De bestreden uitspraak op bezwaar

De uitspraak van de inspecteur van 30 juni 2020 op het bezwaar van belanghebbende tegen de aan hem voor het jaar 2018 opgelegde aanslag inkomstenbelasting en premie volksverzekeringen (IB/PVV) naar een belastbaar inkomen uit werk en woning van € 67.953 en een belastbaar inkomen uit aanmerkelijk belang van nihil ( [aanslagnummer] ).

Zitting

Het onderzoek ter zitting heeft plaatsgevonden op 9 december 2021 te Breda. Aldaar zijn verschenen en gehoord, belanghebbende en namens de inspecteur [inspecteur 1] en [inspecteur 2] .

1 Beslissing

De rechtbank verklaart het beroep ongegrond.

2 Gronden

2.1.

Belanghebbende was beherend vennoot in de commanditaire vennootschap genaamd ‘ [bedrijfsnaam 1] ’.

2.2.

Op 12 juli 1993 heeft belanghebbende zijn vennootschapsaandeel ingebracht in een besloten vennootschap (BV) genaamd ‘ [bedrijfsnaam 2] ’ (hierna: de BV). De inbreng heeft ruisend plaatsgevonden, waarbij voor de overgedragen goodwill en de stille reserves een stamrecht van fl. 90.000 is bedongen (hierna: het stamrecht).

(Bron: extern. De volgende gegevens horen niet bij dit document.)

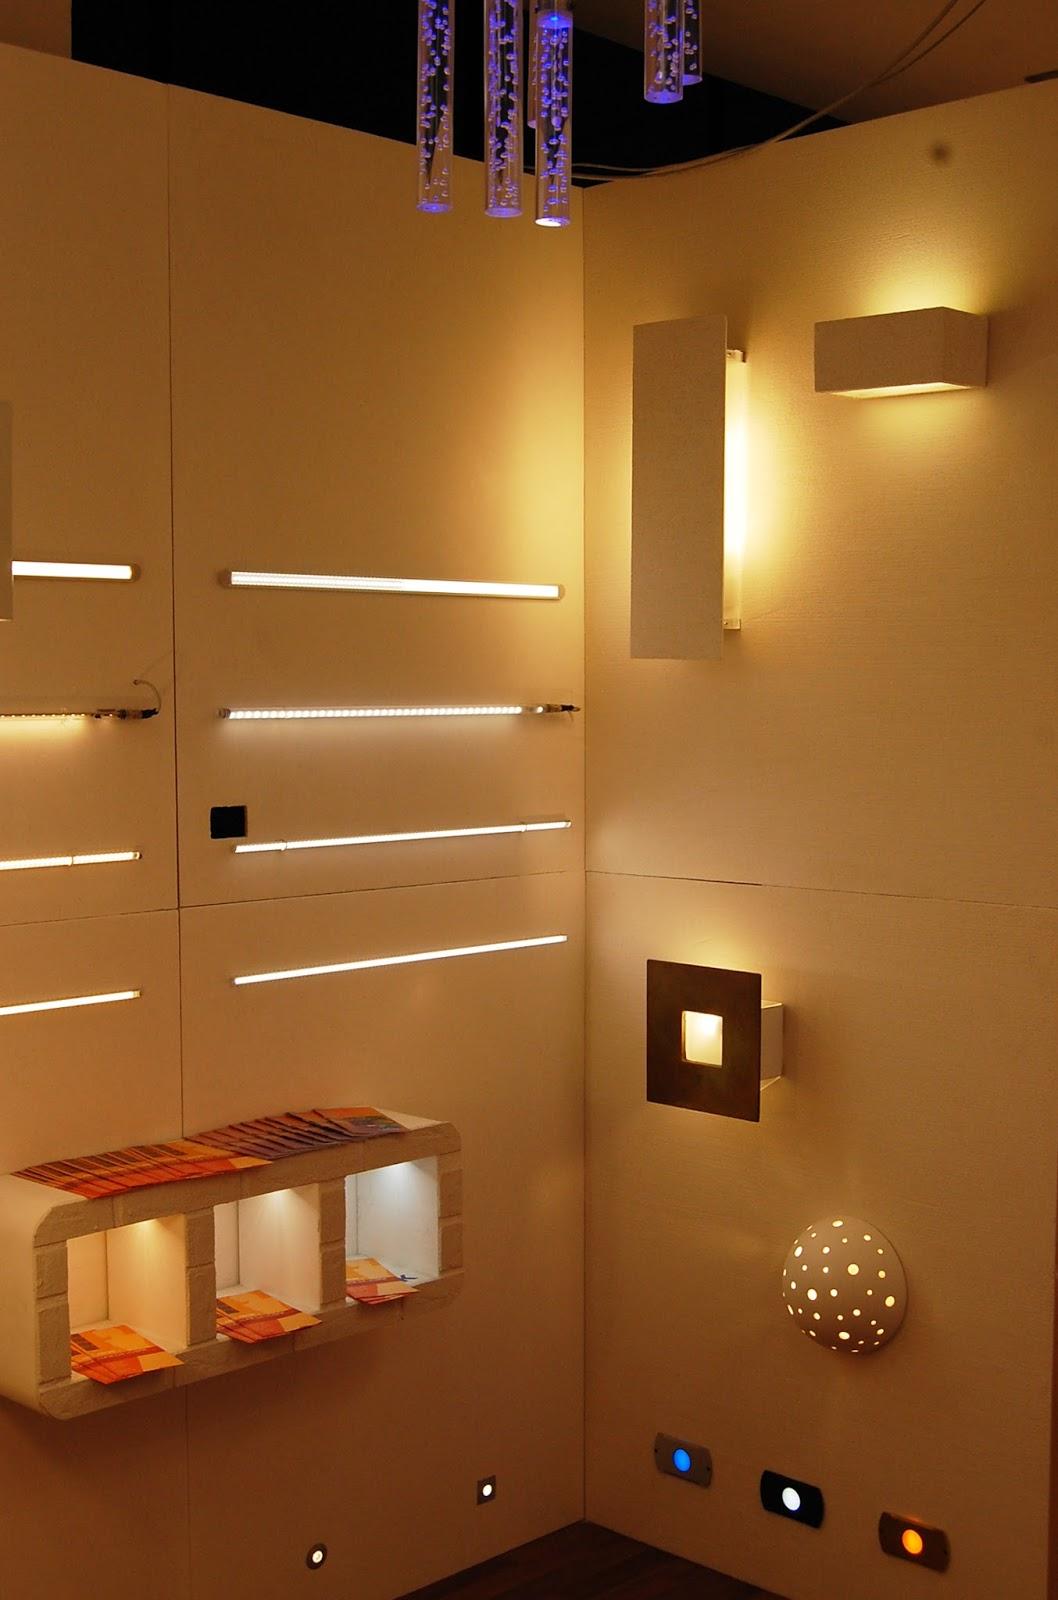 Illuminazione Travi A Vista, Illuminazione Scale, Illuminazione Milano Negozi, Illuminazione ...

In dat verband heeft belanghebbende met de BV een lijfrenteovereenkomst gesloten op 1 december 1993. Deze lijfrenteovereenkomst bevat onder meer de verplichting voor de BV om bij liquidatie van de BV op verzoek van belanghebbende of zijn echtgenoot de lijfrenteverplichting extern onder te brengen.

2.3.

Op 23 augustus 1999 heeft belanghebbende een overeenkomst van aandelenoverdracht gesloten. De aandelen van belanghebbende in de BV zijn op 1 september 1999 geleverd aan [naam] . In de verkoopovereenkomst is, voor zover hier van belang, het volgende bepaald:

“(…)

A. VERKOOP, KOOP EN LEVERING

Verkoper verkoopt aan koper gelijk koper van verkoper koopt: 19 aandelen in het kapitaal van de besloten vennootschap met beperkte aansprakelijkheid [bedrijfsnaam 2] . elk aandeel groot f 1.000,-, genummerd 18 t/m 35, 39 en 40 luidende deze aandelen op naam van verkoper.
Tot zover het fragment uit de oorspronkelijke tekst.